As stated in the AI strategy announced by the Japanese government in 2019, “All high school graduates, regardless of their background, should acquire basic literacy in science, mathematics, data science, and AI” there is a very active movement to incorporate the basic acquisition process of such a content into school education. In actual courses, an educational environment is being created for students to acquire introductory knowledge of data science and programming skills necessary for practical use.
However, many barriers to learning data science can be expected for learners who regularly use various assistive technologies, such as braille displays and screen readers, when using computers. This is because there are still many issues that have not been well recognized, such as “visually dependent analysis methods unique to data science, such as analyzing large amounts of data graphically and from a bird’s eye view,” and “the environment for data science practice, which is still developing and inadequate in terms of accessibility.

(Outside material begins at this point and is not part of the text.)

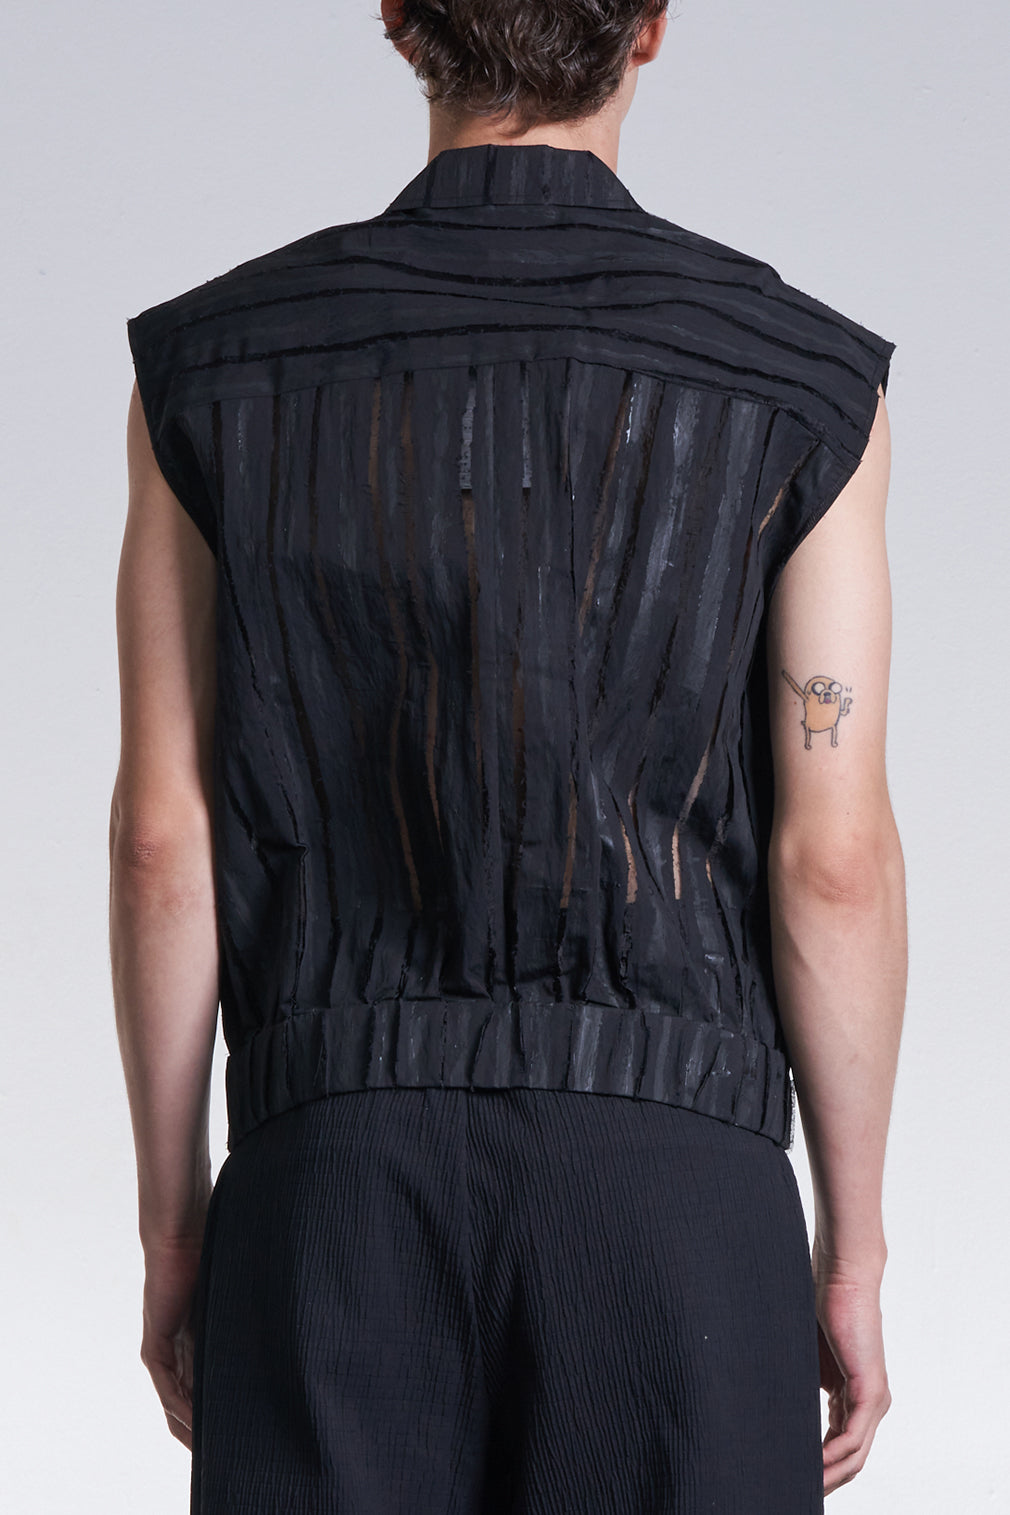 Sleeveless Jacket With Burnt Out And Hand Print Stripe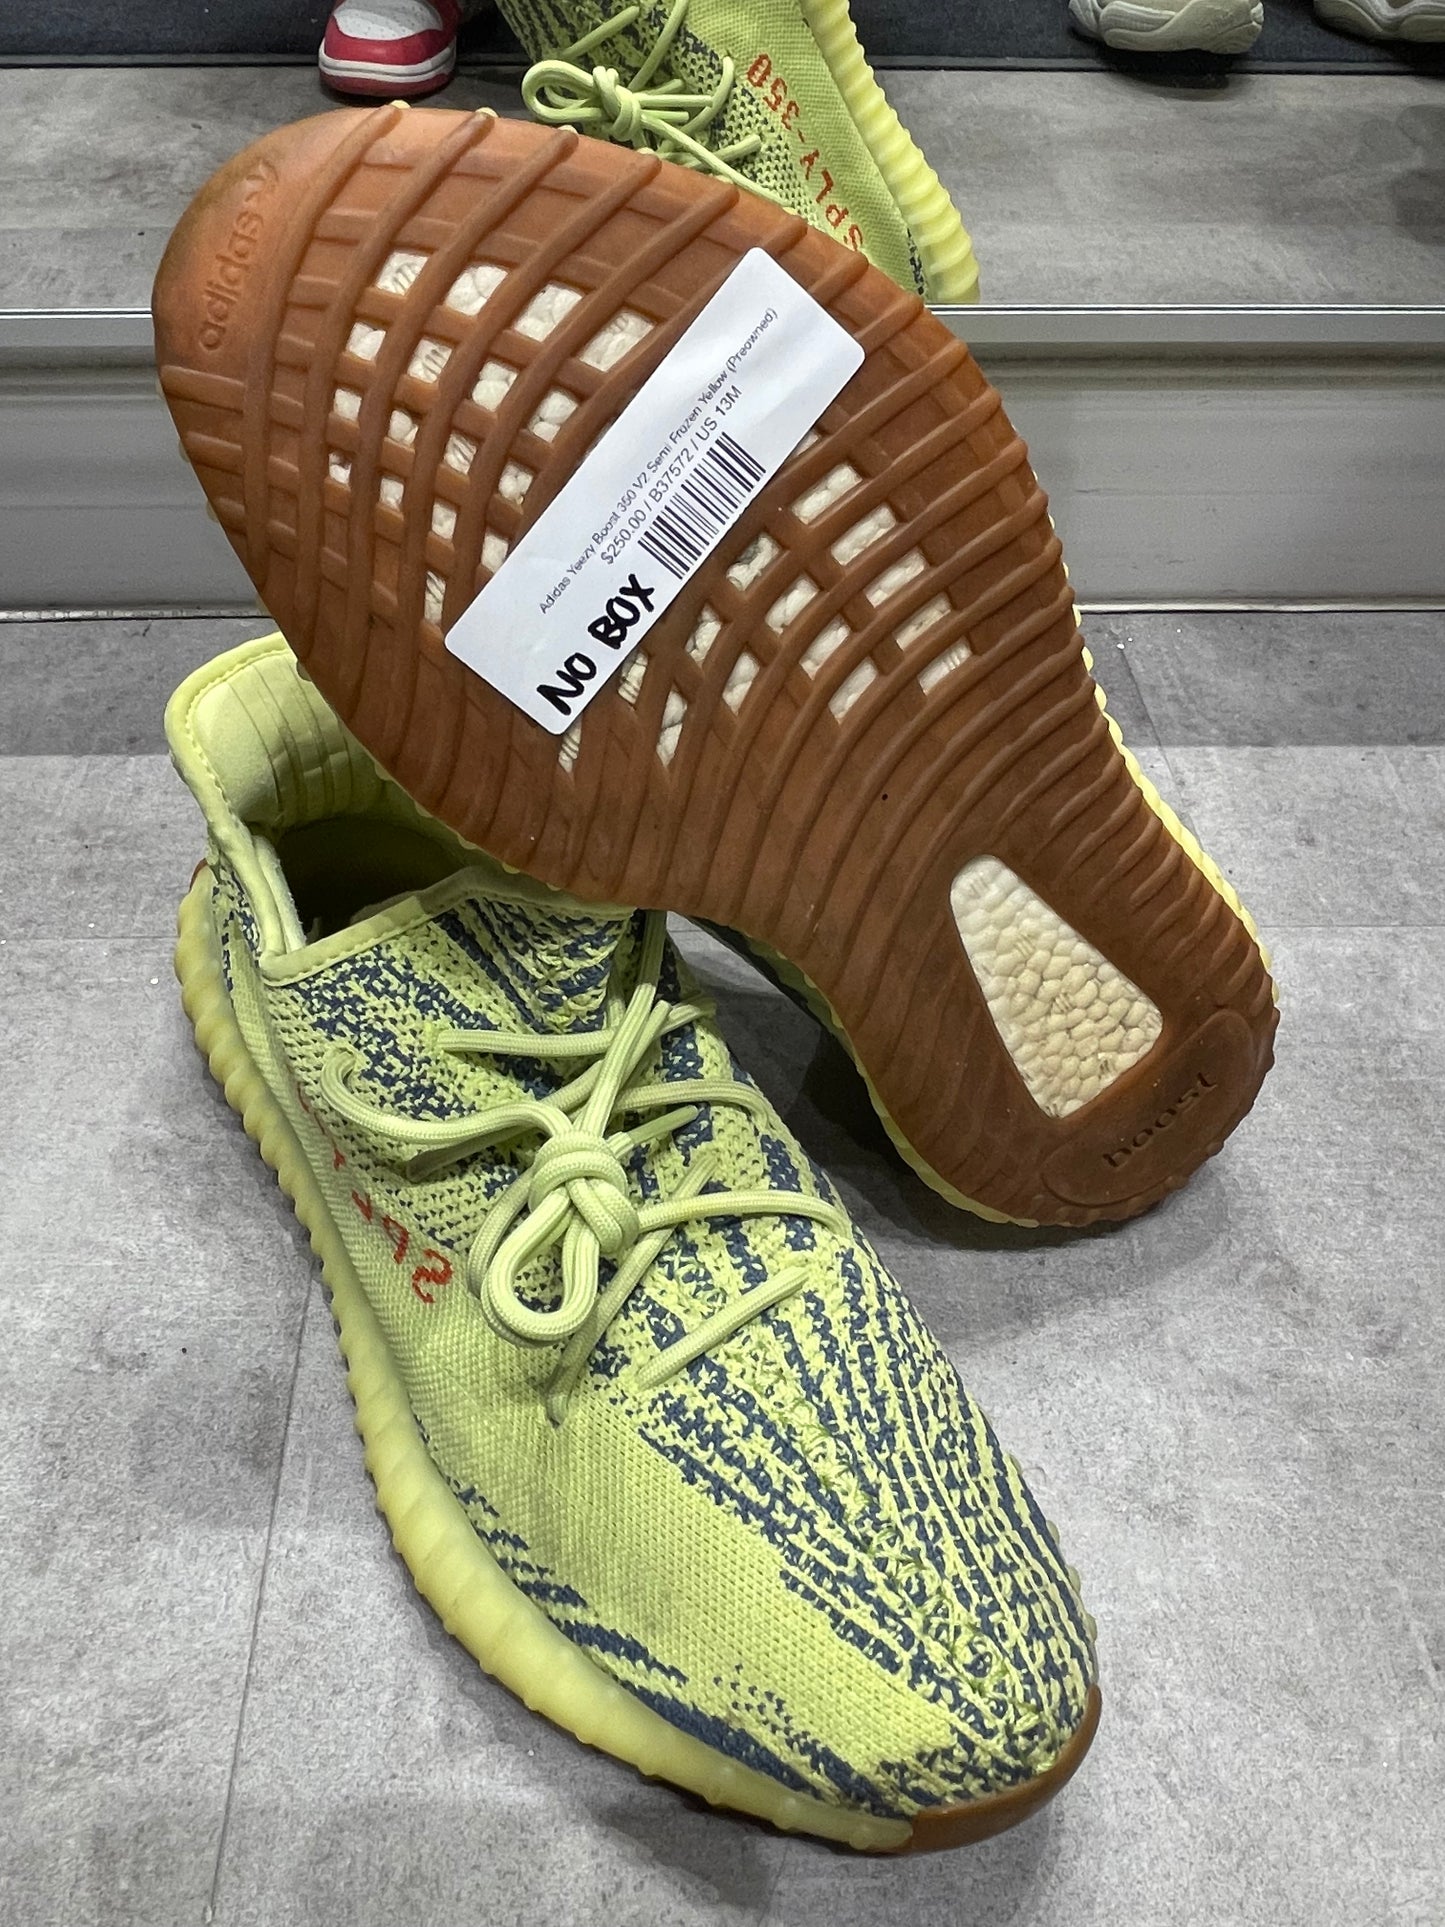 Adidas Yeezy Boost 350 V2 Semi Frozen Yellow (Preowned)

The reason is that there are still many issues that have not even been fully recognized yet.
Therefore, we have created these contents with the aim of providing tools and information to help people who are interested in learning data science but have difficulty learning due to accessibility issues.
Data science is an approach that aims to extract new insights from data, and it requires the utilization of interdisciplinary techniques such as information science, statistics, and algorithms to handle data. With the various trends of digitization, the importance of data science is increasing, and opportunities to learn and apply data science knowledge and skills are growing in various fields, including both businesses and schools regardless of their academic disciplines.
Exploratory data analysis refers to the process of examining and preprocessing data before conducting in-depth analysis in data science. It involves tasks such as confirming the given data and preparing it for easier handling, including visualizing data through graphs. For users relying on screen readers, data visualization can be one of the biggest barriers when learning data science. In the next section, we will introduce methods for auditory representation of data.
This content is primarily intended for students and professionals who use screen readers to operate computers, as well as teachers involved in the education of such students. While the practical application of data science involves Python programming, we also anticipate readers who are completely new to programming, so we will provide detailed explanations on setting up screen readers and other related aspects. However, we would like to focus on providing an accessible and approachable learning experience, and therefore, we will minimize detailed explanations of mathematics and programming. There may be unfamiliar terms that come up, but we encourage you to look them up on the internet or ask others for assistance as needed. It may be challenging at first, as there will be many unknowns and a lack of familiarity, but in programming and data science, the habit of “researching and resolving issues independently” is crucial. So please do your best and embrace this approach.
In this content, our goal is for you to become capable of independently exploring data science using Google Colab, an integrated development environment, while using a screen reader. The knowledge and techniques provided along the way are minimal but valuable for those who are interested in data science and wish to continue their exploration. The content is structured as follows, and in terms of volume, it can be completed in approximately one day by fast learners.
In the first chapter, you will learn about the fundamental technologies of screen readers and web browsers necessary for programming on Google Colab. Then, in the second chapter, you will learn the basics of Python programming, which is currently the most widely used programming language in data science. Next, in the third chapter, we will introduce methods of data representation using sound instead of visual graphs, as this is crucial for learning data science without relying on vision. Lastly, in the fourth chapter, you will apply the programming and graph utilization techniques learned in previous chapters to engage in introductory data science practice.